My immediate response to this is to say that urban people understand only too well. Not only do we realise how heavily we subsidise the countryside, we also know that country dwellers are poor protectors of the environment. Some of the people marching in London on Sunday will have been busy destroying hedge rows in the past few months. No sooner did farmers realise that legislation will shortly come into force that will increase the protection of ancient hedgerows, essential shelter and habitat as they are for wild birds, animals, plants, insects and the like, than they engaged in a frenzy of hedge destruction in order to pre-empt the new regulations. About one third of the hedges of England and Wales are thought to have been lost between 1984 and 1993. The Council for the Protection of Rural England estimates that more than 2,000 miles have been ripped up in the past nine months - an increase of more than 30 per cent on the same period a year earlier. In light of this, one could say that the countryside is too precious to be left in the charge of country people.

But there is something else that may not be understood sufficiently well. Another remark quoted recently put the point: "There's support for the rally ... because there's a general attack on our liberties. Everywhere our freedom of choice is disappearing." The liberties under threat are by now well known. They comprise the right to go hunting foxes with dogs, which is banned in the awkwardly named private member's measure currently in Parliament - the "Wild Mammals (Hunting with dogs) Bill". In the same list is the right for owners of mountain, moorland, heath, downland and common land - some 12 per cent of the entire land of England and Wales - to forbid walkers to roam freely across their estates. This will be the subject of a Government statement to-morrow. The beef-on-the- bone ban also figures, although its effects are felt by all hearty eaters, whether town or country. Likewise the threat - from Brussels - to the production of unpasteurised milk and cheese is lumped in.

The principles underlying the four examples are different. In the case of hunting the issue is the right of minorities to pursue their ancient customs unless - as with cock-fighting or bear baiting - they are exceptionally repugnant. It is the principle of tolerance. The United Kingdom has stricter laws preventing cruelty to animals than most nations, yet fox hunting has always been allowed to continue. The right to roam, virtuous though it may seem, is an attack on the rights of property owners. Whatever the disgraceful circumstances in which the old landed estates were put together, or whatever the hard-faced arrogance of owners who erect "no trespassing" signs on the gates opening out to vast stretches of wilderness, the right to privacy on one's own property is a powerful and long-established rule. In the same way, Mr Cunningham's ban on beef-on-the-bone is an interference with our liberty to lead our own lives.

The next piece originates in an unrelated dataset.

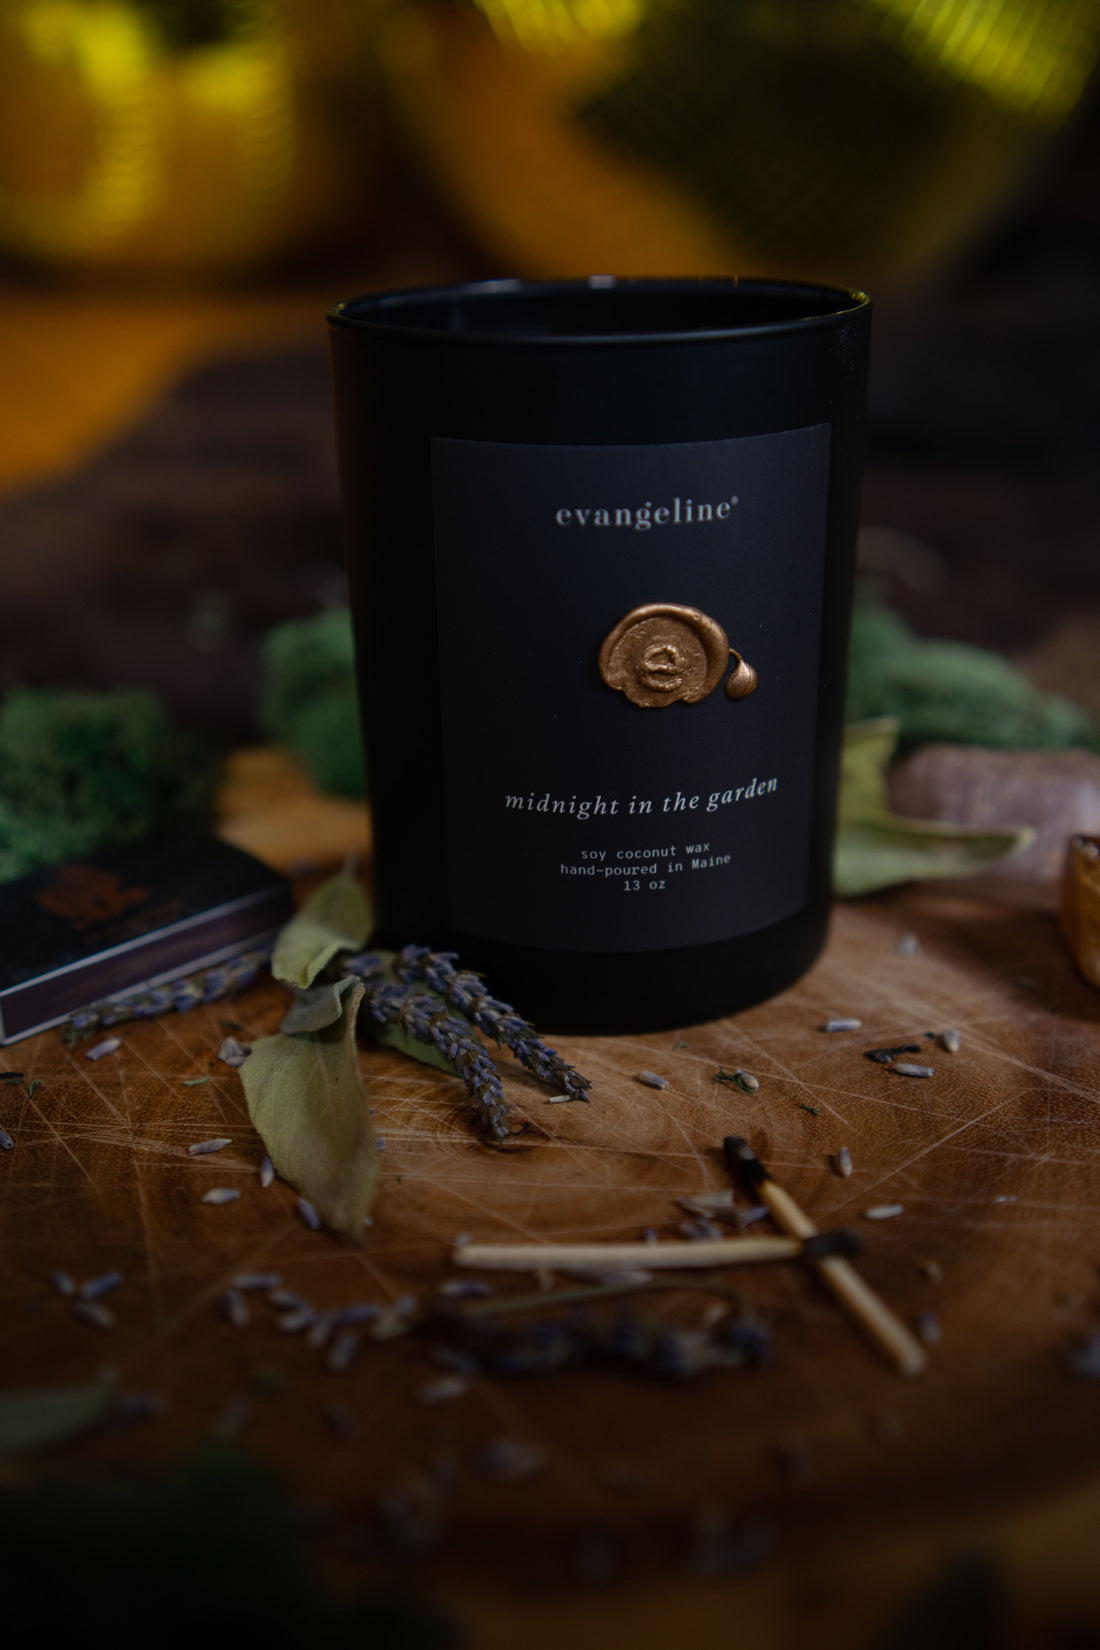 Matte black glass candle with matt black midnight in the garden label, hand-poured gold wax seal, surrounded by lavender, sage , moss and oak.

The marchers on Sunday, therefore, do have something to say, which despite all my irritations at country people appeals deeply to me. They are protesting at what they perceive as an attempt to reduce the boundaries in which we conduct our private activities. That is what will bring tens of thousands of people into the London streets on Sunday and that they are concerned exclusively with rural activities is besides the point. But I doubt whether the countryside will need to hold any further rallies. It looks as if the Government has taken the point. The marchers have already attained their objective.